Babies Have a Sense of Humour

My life has been a lethargic haze to this point since having Cameron.  By 6½ weeks he was doing amazing and sleeping five hours all by himself.  At seven months old, we left for Yellowstone and then on to Utah.  While we were in Island Park, Idaho we slept in a trailer.  To save on space and issues, rather than put the Pack N’ Play up, we decided to let Cameron sleep with us.  Since then, it has been an uphill battle to say the least.  We essentially started over again after we returned home.

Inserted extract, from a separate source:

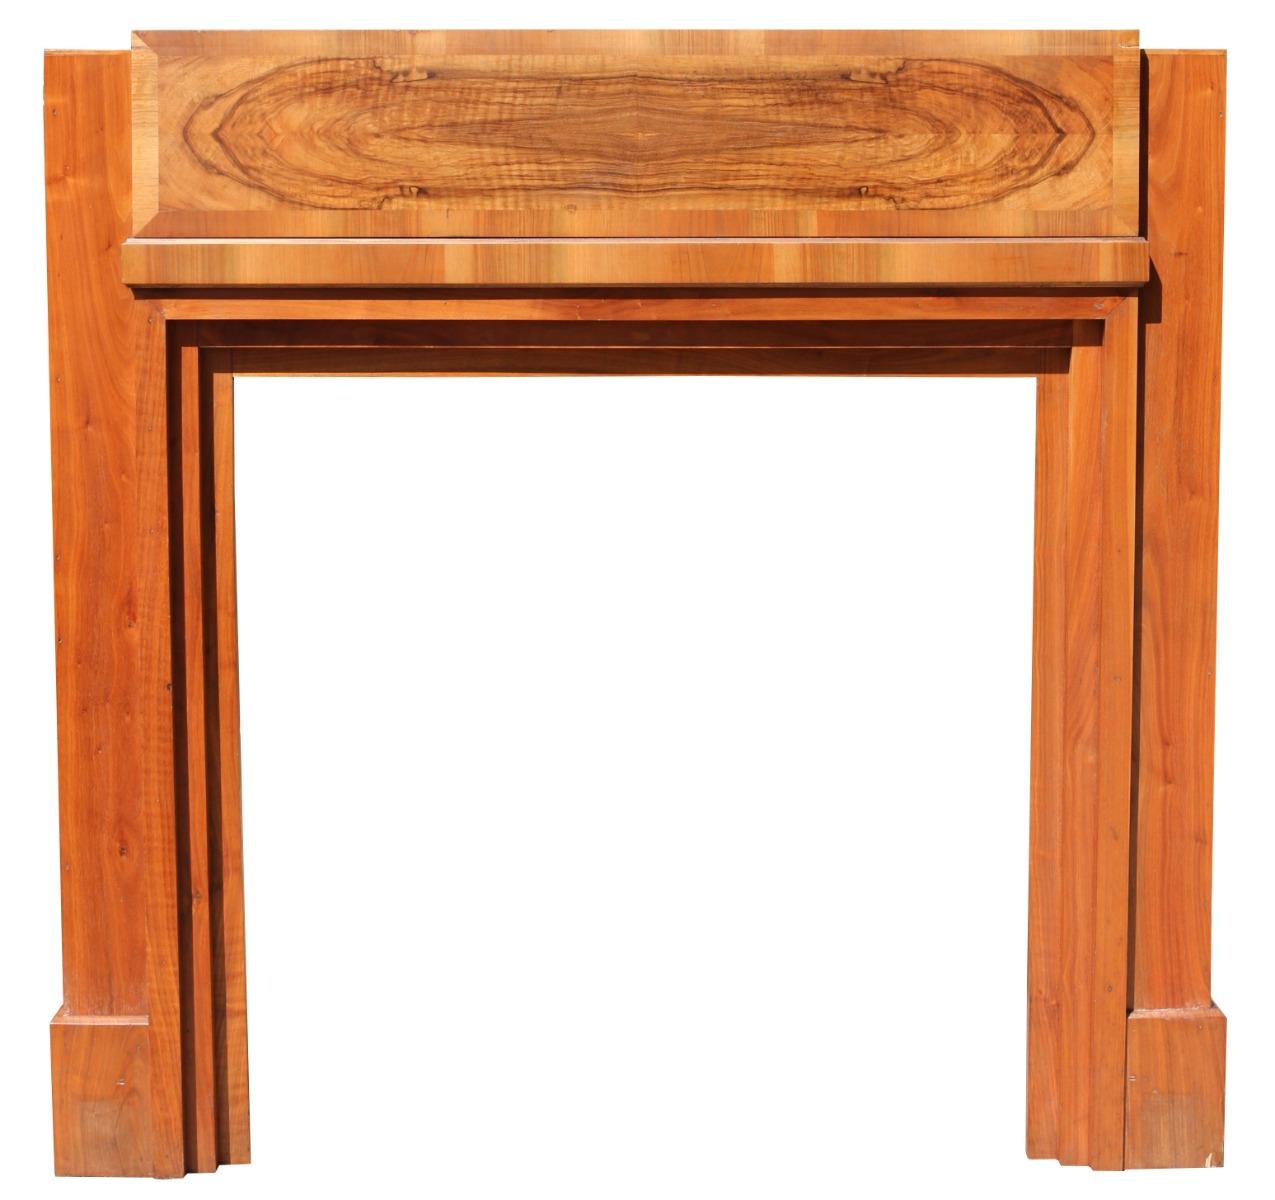 Art Deco Period Burr Walnut Mantel In Good Condition For Sale In Wormelow, Herefordshire

Going from self-soothing and drifting off to sleep to the other spectrum of needing us near him has been exhausting and taxing on me to say the least.  Bryan works very early shift, so I have tried not to disturb him if possible.  We kept him in our room (not in our bed) until recently, moving him into his own room (a GOOD 100 feet from ours.  Try walking it, bleary-eyed at 4 a.m.) at ten months old.  This has been very successful and I have been getting a lot more sleep than I had to this point.  Previously, he was waking every two hours like a newborn again and I had been a walking zombie on a good day.  After moving him, he was staying asleep for four hours.

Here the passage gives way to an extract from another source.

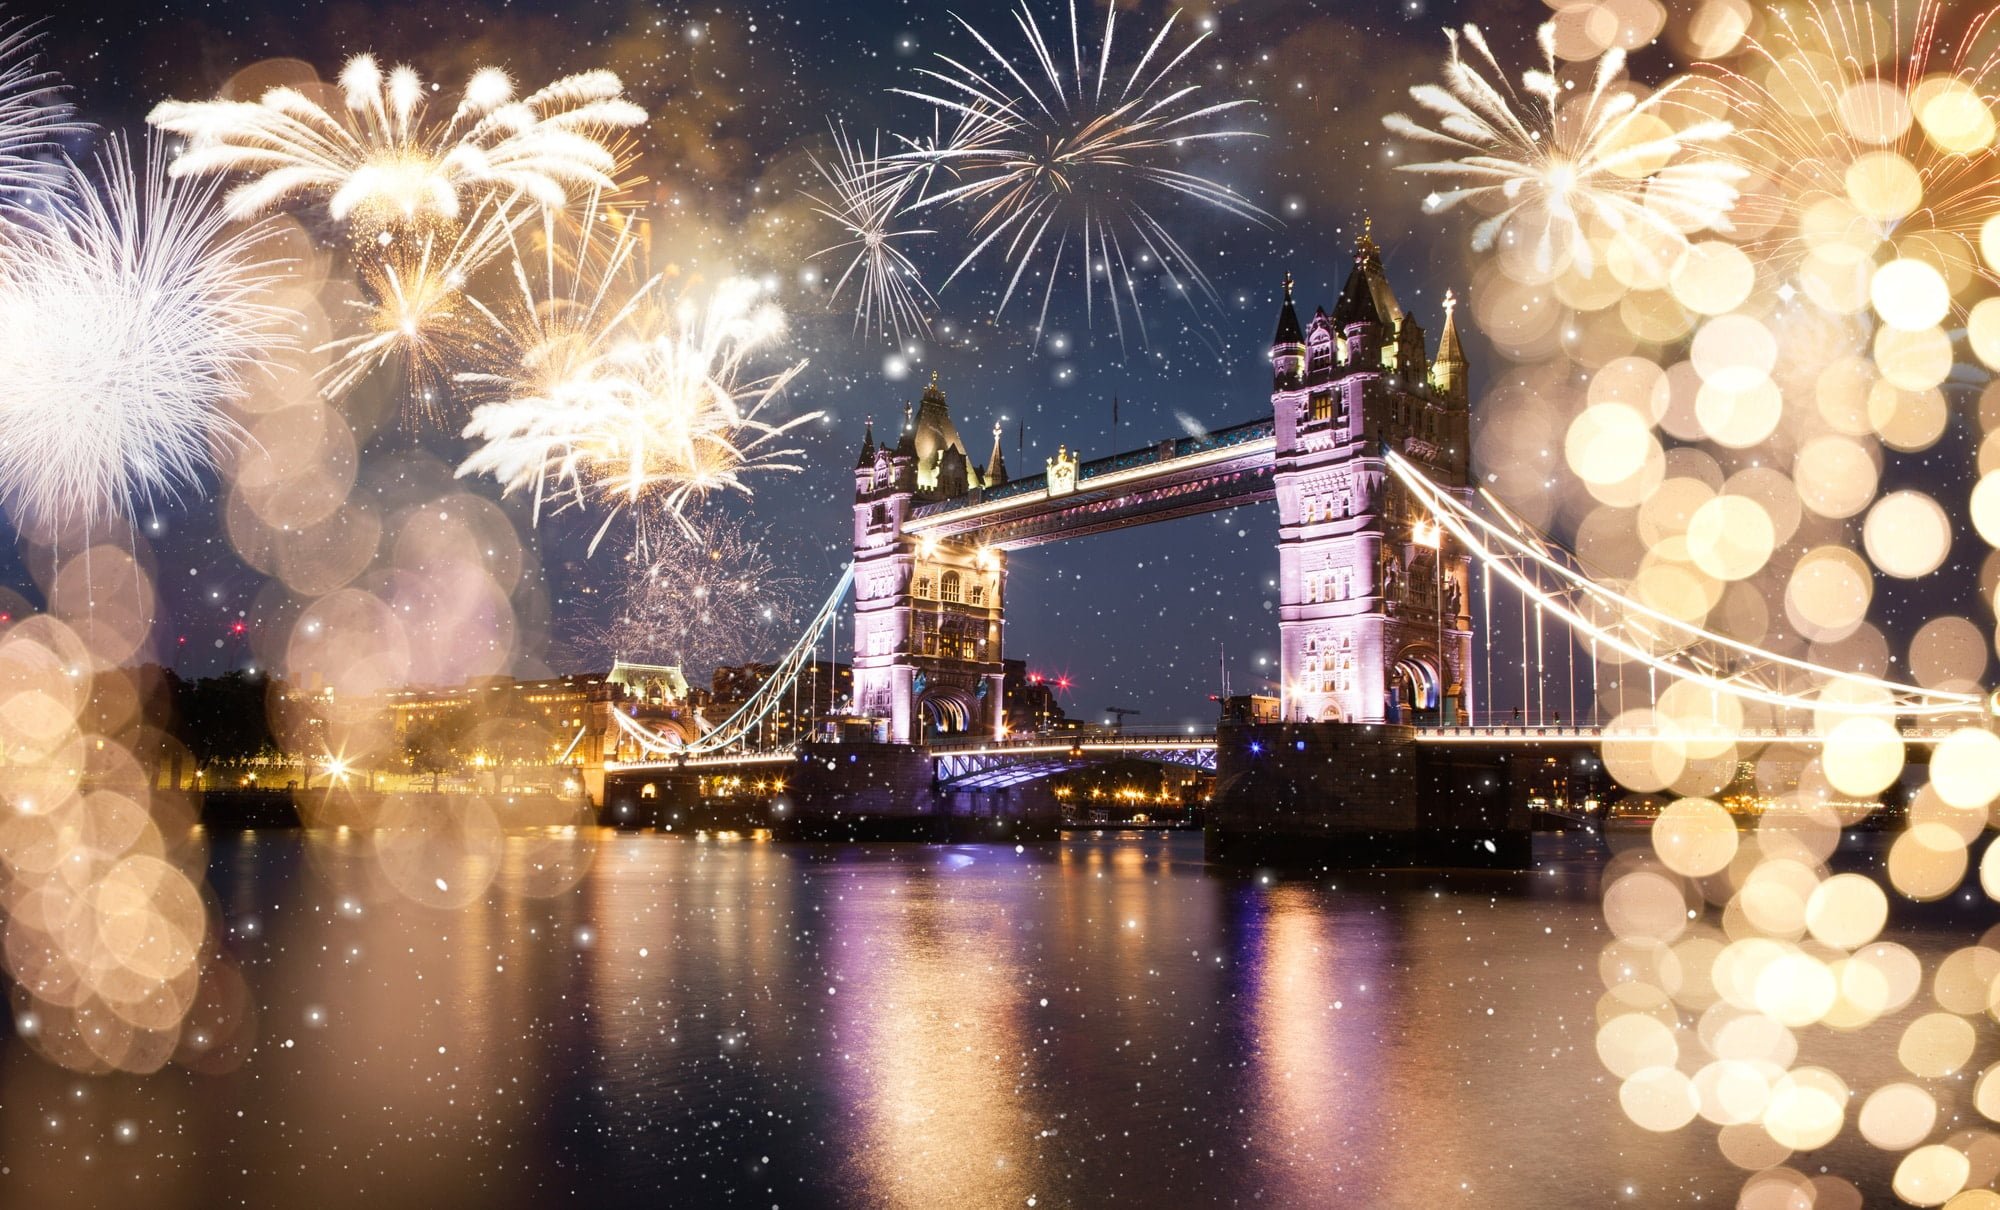 Tower Bridge with fireworks celebration of the New Year in London UK

I have known all-too-well that by this age, he should have been sleeping through the night.  I kept a pretty rigid nighttime routine with Ian with which I was by the book.  I had to give the book back and didn’t bother buying it (I’m totally serious!).  I figured I knew what I was doing.  It was so nice to have a little one around again that I got sucked into the I’ll-rock-him-to-sleep-til-he’s-unconscious trap and that was my (other) downfall.  Something had to change and I realised I needed help.  A friend gave me a gift certificate to an online store and I bought me some Supernanny books.  I figured I needed them for Ian too.  Last night I sat in bed until 1 a.m. pouring over its pages trying to learn all I could on techniques to remedy the situation and make everyone’s life a little easier.  The technique is:  The baby wakes, you go in after two minutes of them crying and rub his/her back and soothe them with a comforting noise, but don’t talk.  Don’t pick them up and don’t feed them.  When they have calmed down (but are not asleep), walk out the room.  Double the time increments you wait until you re-enter the room until they stay asleep.  It may be a long night, and a very long week to say the least.

The little bugger slept right through until 9 o’clock this morning.